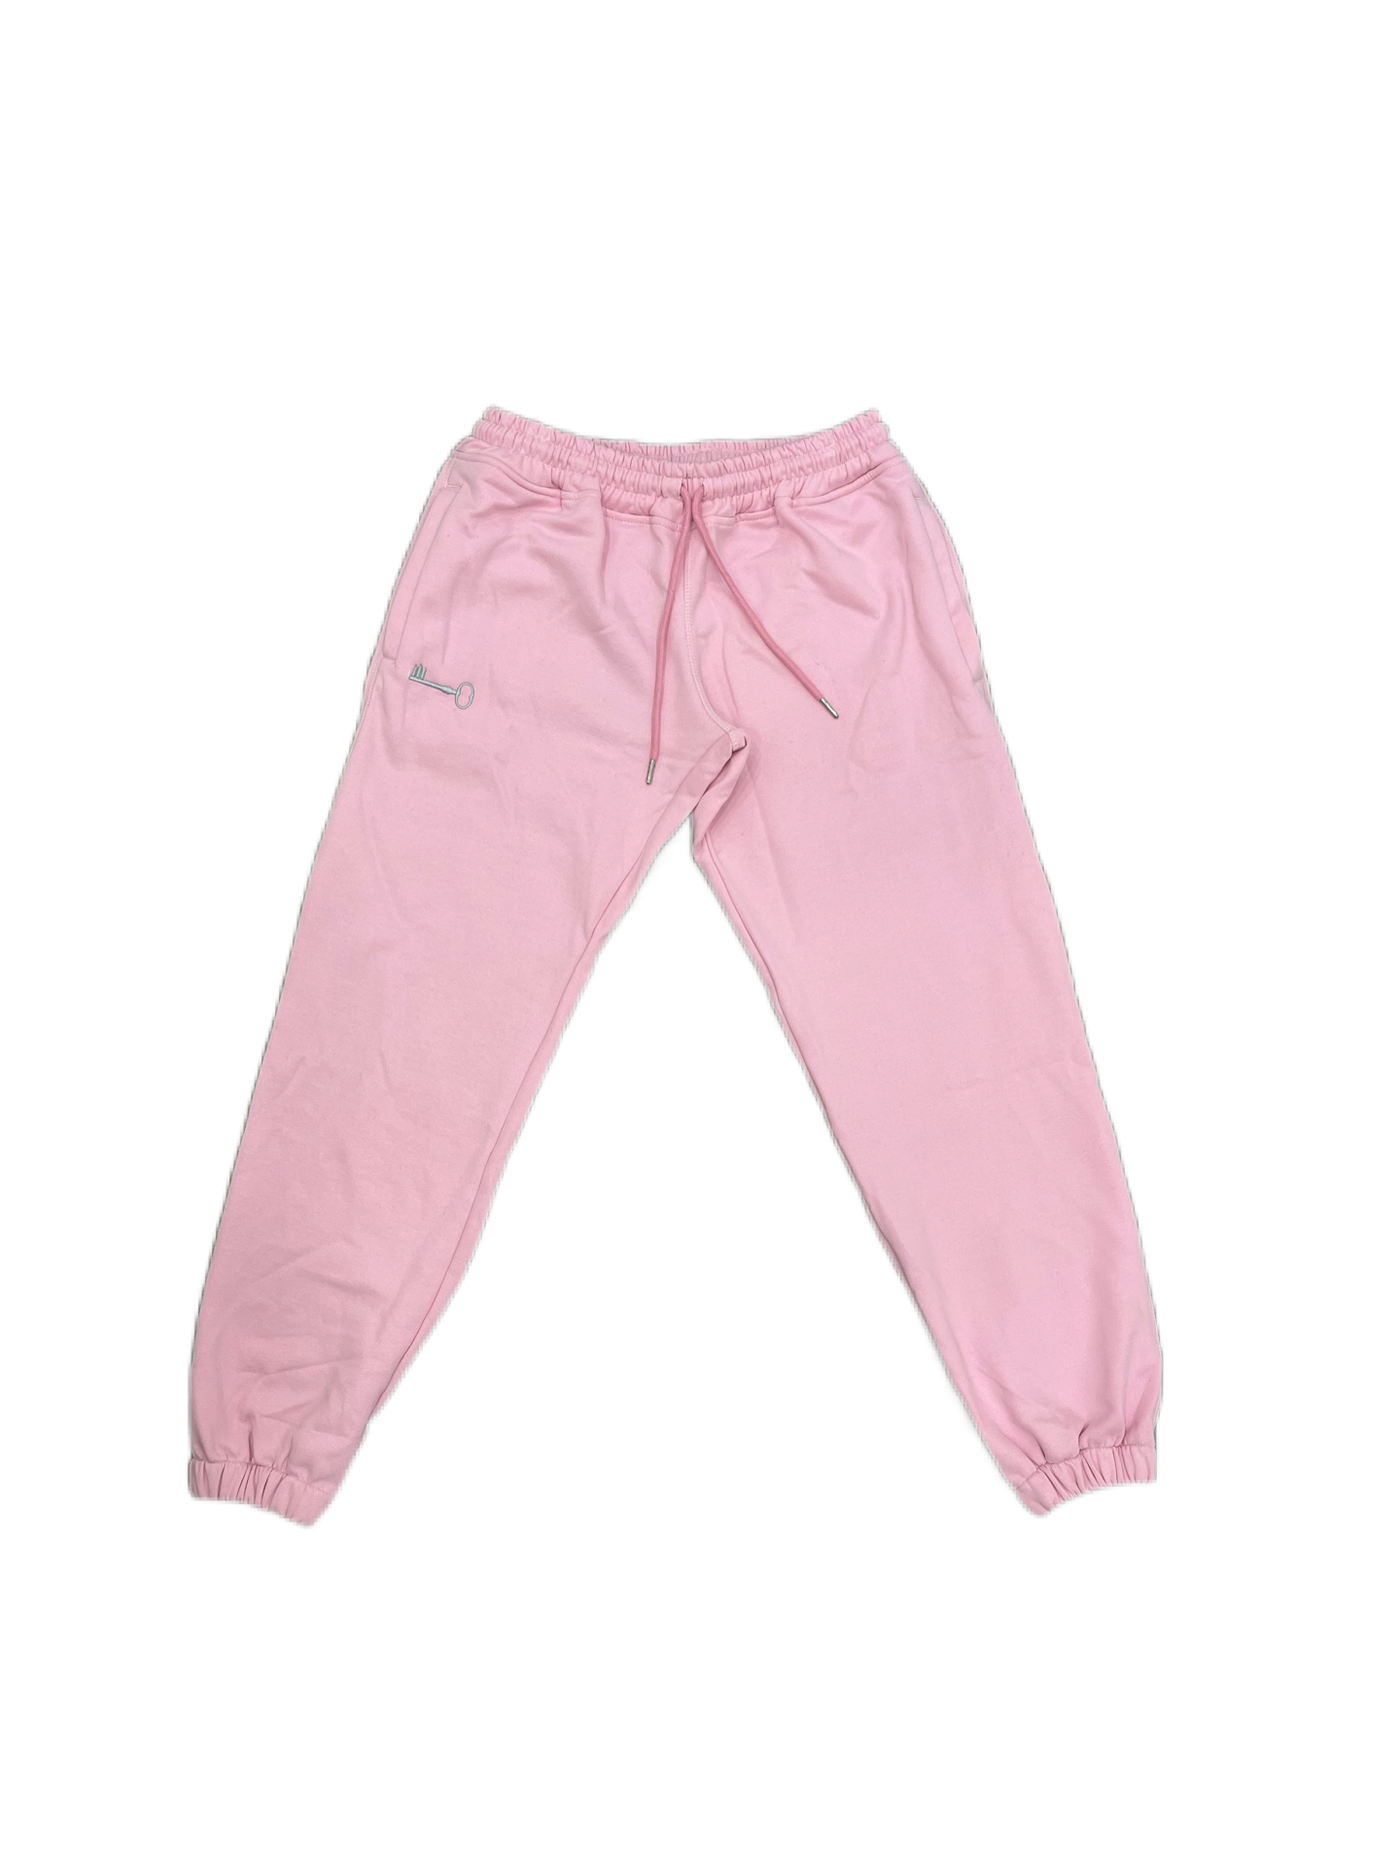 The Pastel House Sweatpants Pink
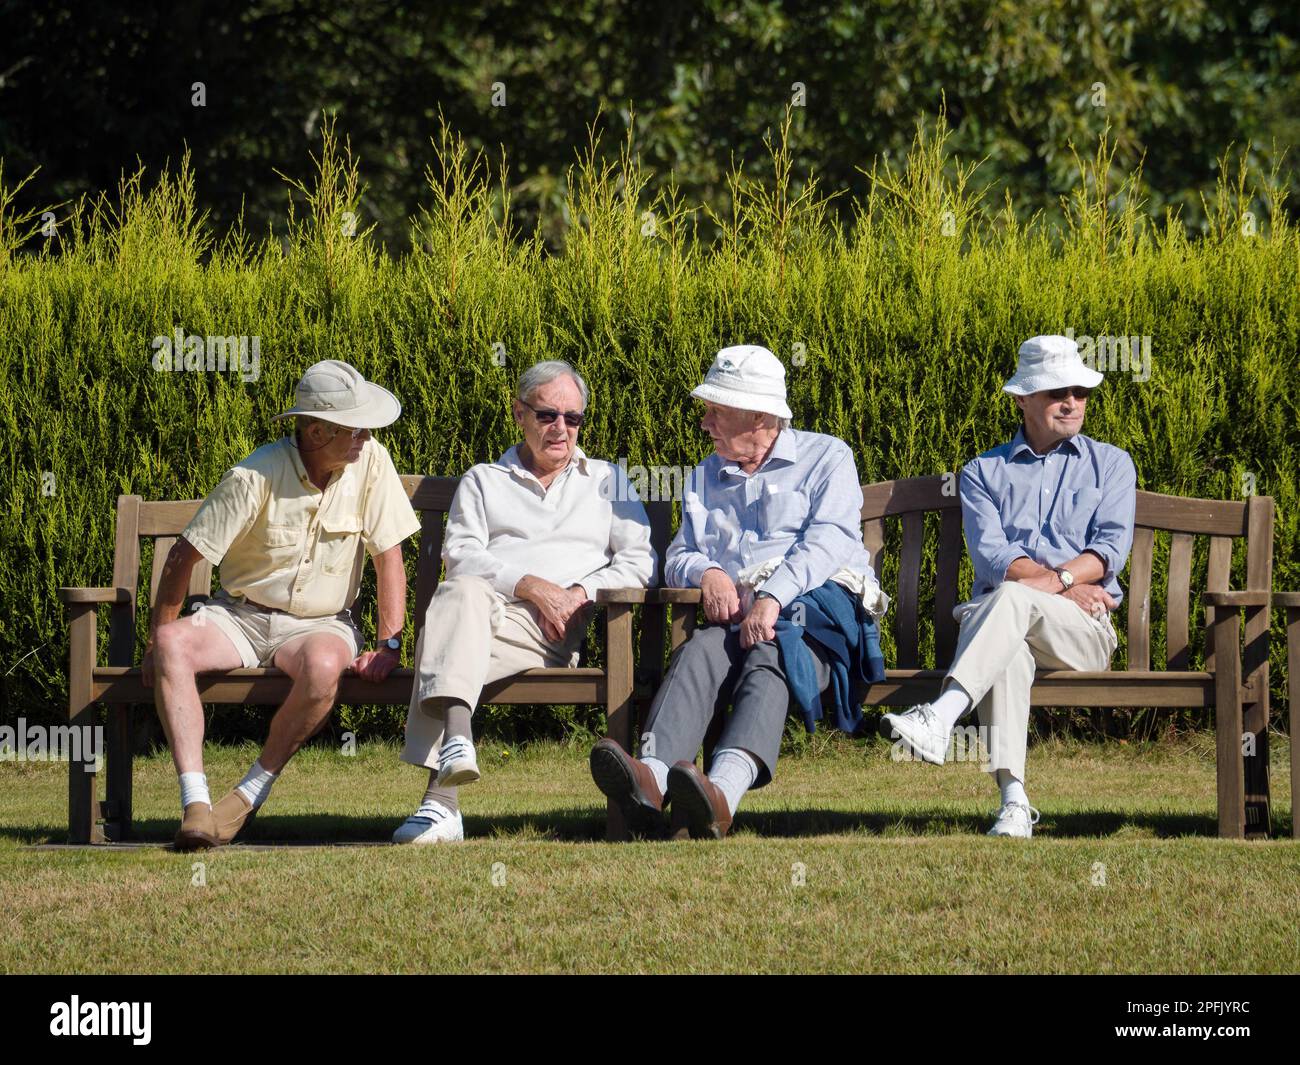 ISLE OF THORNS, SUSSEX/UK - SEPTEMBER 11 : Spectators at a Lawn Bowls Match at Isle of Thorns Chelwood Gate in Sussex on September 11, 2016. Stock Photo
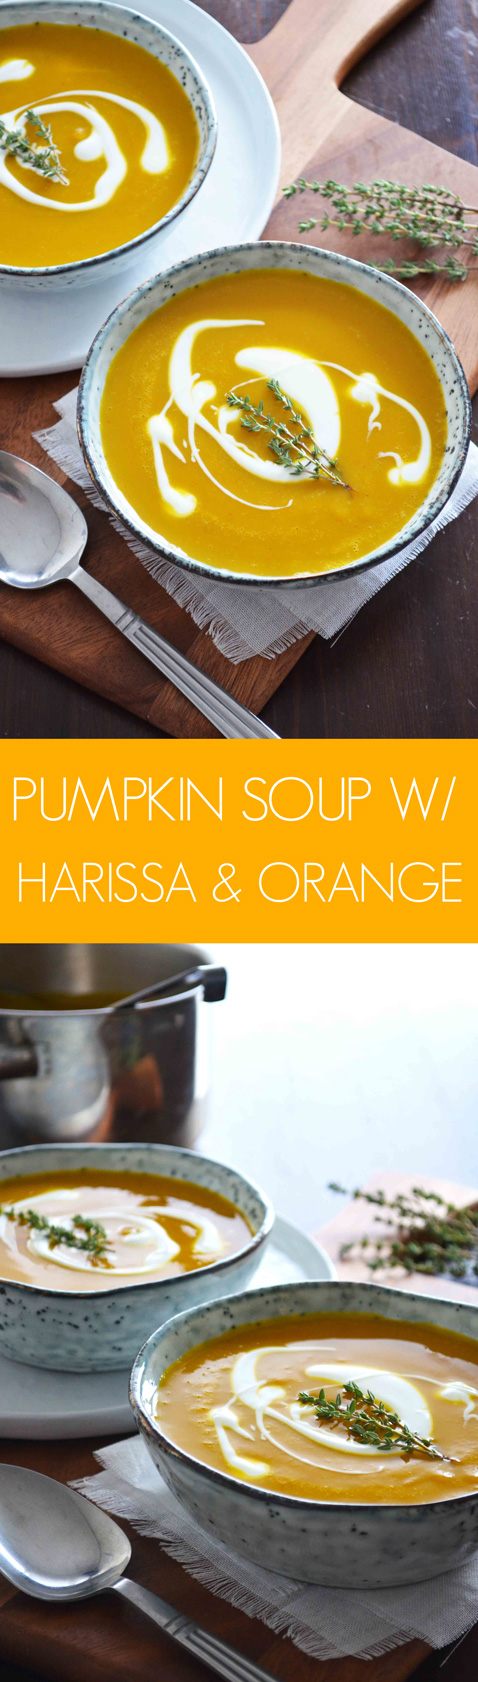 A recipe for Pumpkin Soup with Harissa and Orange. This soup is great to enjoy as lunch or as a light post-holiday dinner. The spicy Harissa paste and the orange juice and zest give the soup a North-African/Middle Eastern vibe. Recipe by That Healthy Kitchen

- **What to produce**
Nothing but the pictures is to be left out; the rest of the listing should be copied exactly.

- **Exercise response**
 The Pastel House Sweatpants Pink
 ISLE OF THORNS, SUSSEX/UK - SEPTEMBER 11 : Spectators at a Lawn Bowls Match at Isle of Thorns Chelwood Gate in Sussex on September 11, 2016. Stock Photo
 A recipe for Pumpkin Soup with Harissa and Orange. This soup is great to enjoy as lunch or as a light post-holiday dinner. The spicy Harissa paste and the orange juice and zest give the soup a North-African/Middle Eastern vibe. Recipe by That Healthy Kitchen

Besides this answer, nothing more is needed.